I don’t know if its “normal,” but this kind of thing has been seen before.
See, for example:

It might be worth noting that because you are adding a trailing singleton
dimension (unsqueeze (-1)) to tensor1, you are, in effect, performing
a batch of vector dot products rather than a batch of fully general matrix
products.

Computing a batch of dot products is not a rare use case, but pytorch
does not offer a specialized batch-dot-product function. I’ve come to
conclude that einsum() is a perfectly satisfactory way to compute a
batch-dot-product (and it’s what I use by default when the need arises).
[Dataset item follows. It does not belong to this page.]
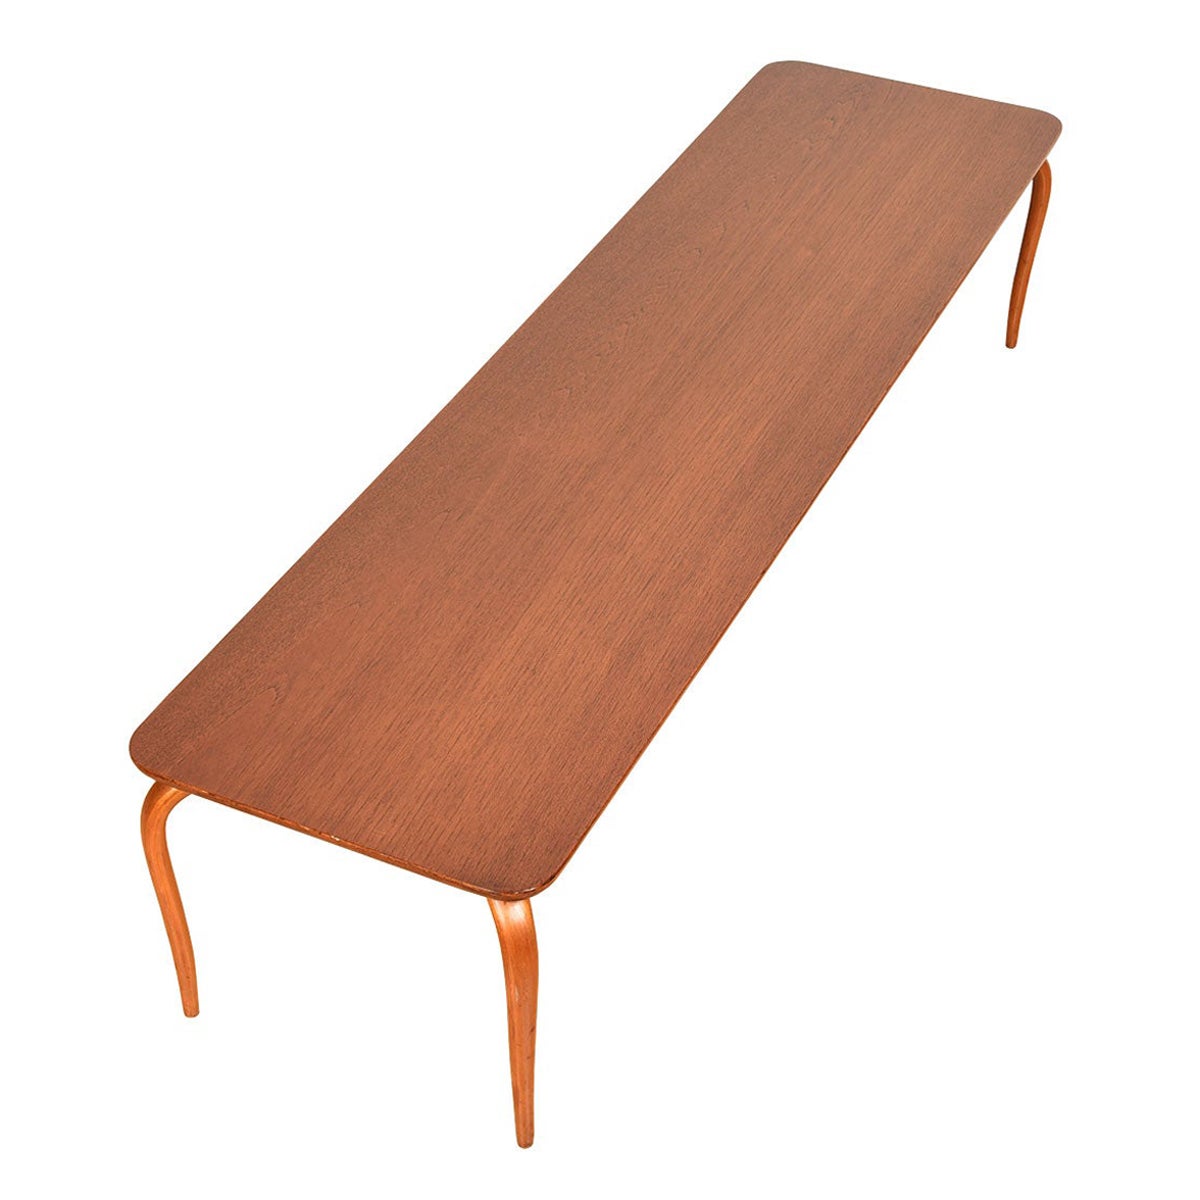 ‘Long Table’ Swedish Modern Organic-Leg Coffee Table by Bruno Mathsson, 1950s

(It’s worth noting that there are instances where einsum() – perhaps with
older versions of pytorch – unreasonably underperforms the equivalent
matmul() computation (with various transpose()s and unsqueeze()s
to get the dimensions to line up correctly).)

Idle speculation:

Perhaps matmul()'s performance tuning has been focused on full matrix
products, rather than the “edge” case of batch dot products. This would
hardly excuse matmul()'s underperformance, but might offer a historical
explanation.

Or it might be some glitch in matmul()'s broadcasting support. It might
be interesting to perform the comparison when creating tensor1 with
an explicit trailing singleton dimension, rather than using unsqueeze().
(You could also try adding a leading singleton dimension to tensor2.
You would, of course, still be broadcasting bs over tensor2’s singleton
dimension and I don’t think it would be a fair comparison to avoid such
broadcasting.)

Best.

K. Frank